Ventilar la casa, renovar el aire, fue la regla maestra para que la salud se sacudiera de los microbios. De ese modo, las corrientes naturales, empujaban lejos a las microorganismos  perniciosos  y, de otro lado, nos aportaban el aire recién nacido  en la sierra, el mar o  el pulimento del cielo. Las corrientes, en efecto, también podían desequilibrar la salud si alguien osaba a colocarse enfrente de ellas puesto que la corriente debía llegar y pasar como un ángel y en su misma potencia salvífica nadie debía entrometerse.  Sin esta temeridad irresponsable la corriente se portaba  como una mágica escoba que barría el suelo y el vuelo, que despegaba de las sábanas del enfermo los posos infames y  que cambiaba en el ambiente viciado, la vulgaridad por la virtud, además de los pegotes de mal olor por la pureza del olfato.

Para extraer beneficios de las corrientes era preciso favorecer la circulación libre del aire y con ello redimir la atmósfera de sus pliegues y pestilencias. 

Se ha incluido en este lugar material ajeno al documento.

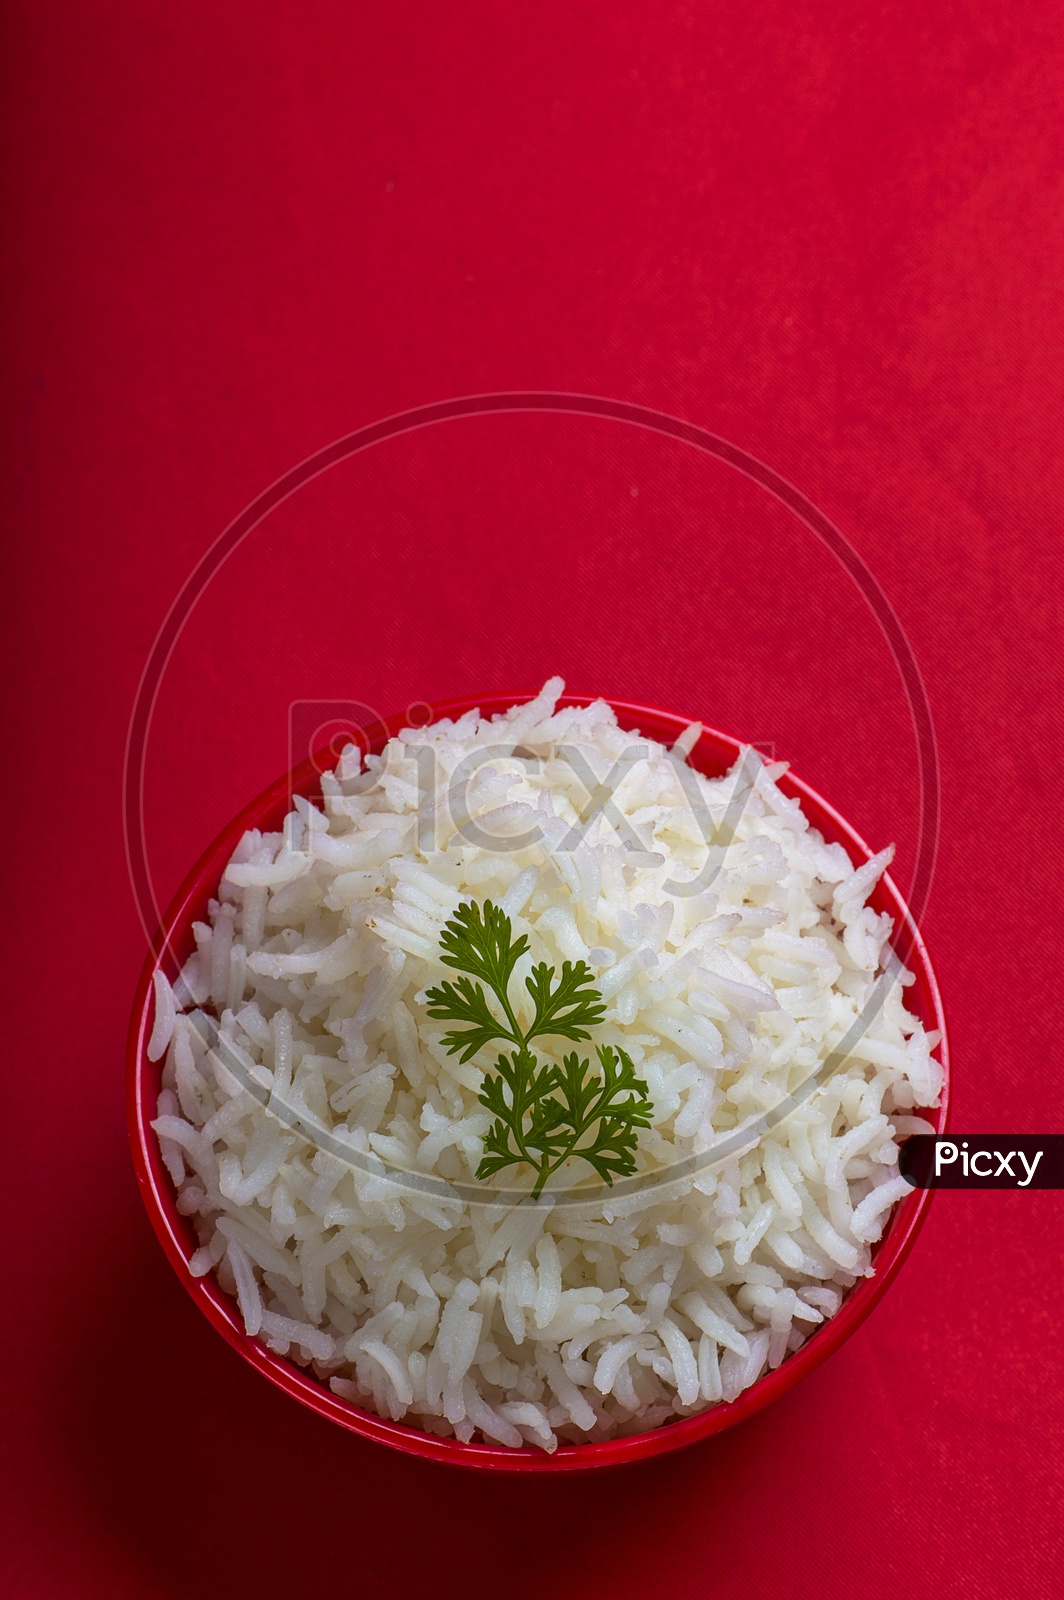 Cooked plain white basmati rice in a red bowl on red background

Ventilar, respirar, suspirar, orear, la batería de elementos relacionados con el oxígeno y lo pulmonar se ven atascados en los pisos y oficinas con extremo acondicionamiento del aire.  Se convierten así en malditos focos de enfermedad de manera que, paradójicamente,  sería la vida más resguardada , bajo techo, la vida temiblemente proclive a  la hospitalización. El hospital u otro resguardo más que, poco a poco, la yatrogenia  ha convertido en una fábrica de infecciones, septicemias, neumonías y muertes por sobrecarga de lo mismo, el incesto del bien clínico  en  la procuración del bien medicinal, la anulación, en fin, de la dialéctica natural entre lo bueno y lo malo, la vida y la muerte, el frío y el calor confundidos, aturdidos o perturbados en la extremada resolución de lo peor.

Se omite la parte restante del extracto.